In one of the final scenes of the musical "Fiddler on the Roof", the Jewish residents of the poor Russian village of Anatevka are told they have three days to pack up their belongings, sell their homes and goods, and leave. As the villagers congregate, they wax nostalgic about their pitiful yet strangely beloved hometown. Sheldon Harnick’s lyrics evoke the bittersweet emotions of anyone who has ever been ripped away from a quaint yet beloved place:
Anatevka, Anatevka, underfed, overworked Anatevka; where else could Sabbath be so sweet? Anatevka, Anatevka, intimate, obstinate Anatevka; where I know everyone I meet. Soon I'll be a stranger in a strange new place; searching for an old familiar face… from Anatevka. I belong in Anatevka; tumbledown, workaday Anatevka; dear little village, little town of mine.
In Harnick’s lyrics I hear echoes of the yearning lament of the exiled Psalmist who prays, “How can we sing the songs of the Lord while in a foreign land?” (Psalms 137:4) How, indeed?
One of grace’s greatest miracles surely is seen in exactly this: that God’s people somehow do learn to sing the songs of the Lord while in a foreign land! Somehow, faith is not destroyed in exile but is sustained and even deepened. Somehow, God’s people discover that God is not locked down in Jerusalem or Anatevka but is free to meet them again in new places. The play ends and somehow we know that Teviah will sing in a new place.
Most of us are not from the Conejo Valley.

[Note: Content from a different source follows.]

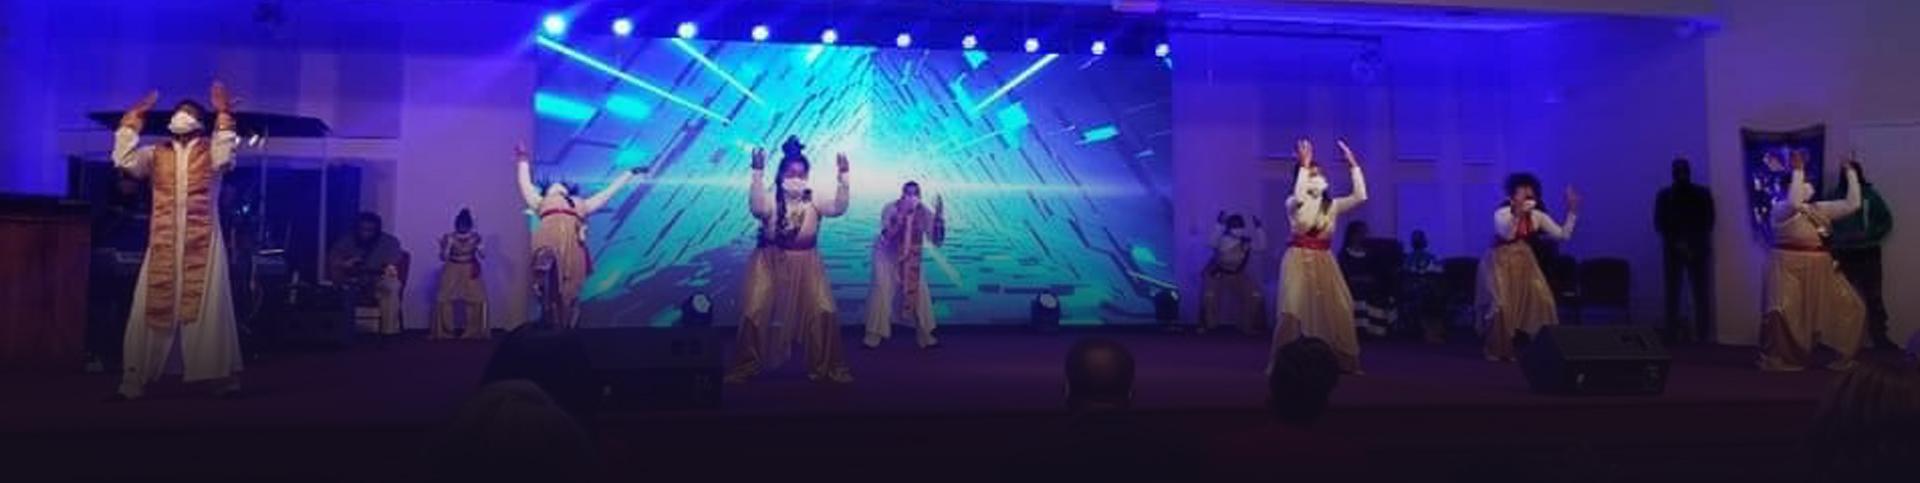 Praise dance team on stage praise dancing

Some of us moved here with considerable anxiety and uncertainty. We wondered, could we sing the Lord’s song in a strange land? Would God—could God—sustain us and protect our loved ones in this strange new place? Would we—could we—faithfully love God and neighbor in this “foreign land”? To our amazement, we discovered that God was already alive and working here. Unlike Visa, which is only “everywhere you want to be,” we find God even in the places we were sure we didn’t want to be. Far from being limited to our beloved hometowns, God, whom even the highest heavens cannot contain, goes ever before us. As John Browing’s hymn reminds us, “Thy children shall not faint nor fear, Sustained by this delightful thought; Since Thou our God, art everywhere, They cannot be where Thou art not.” Even in Anatevka.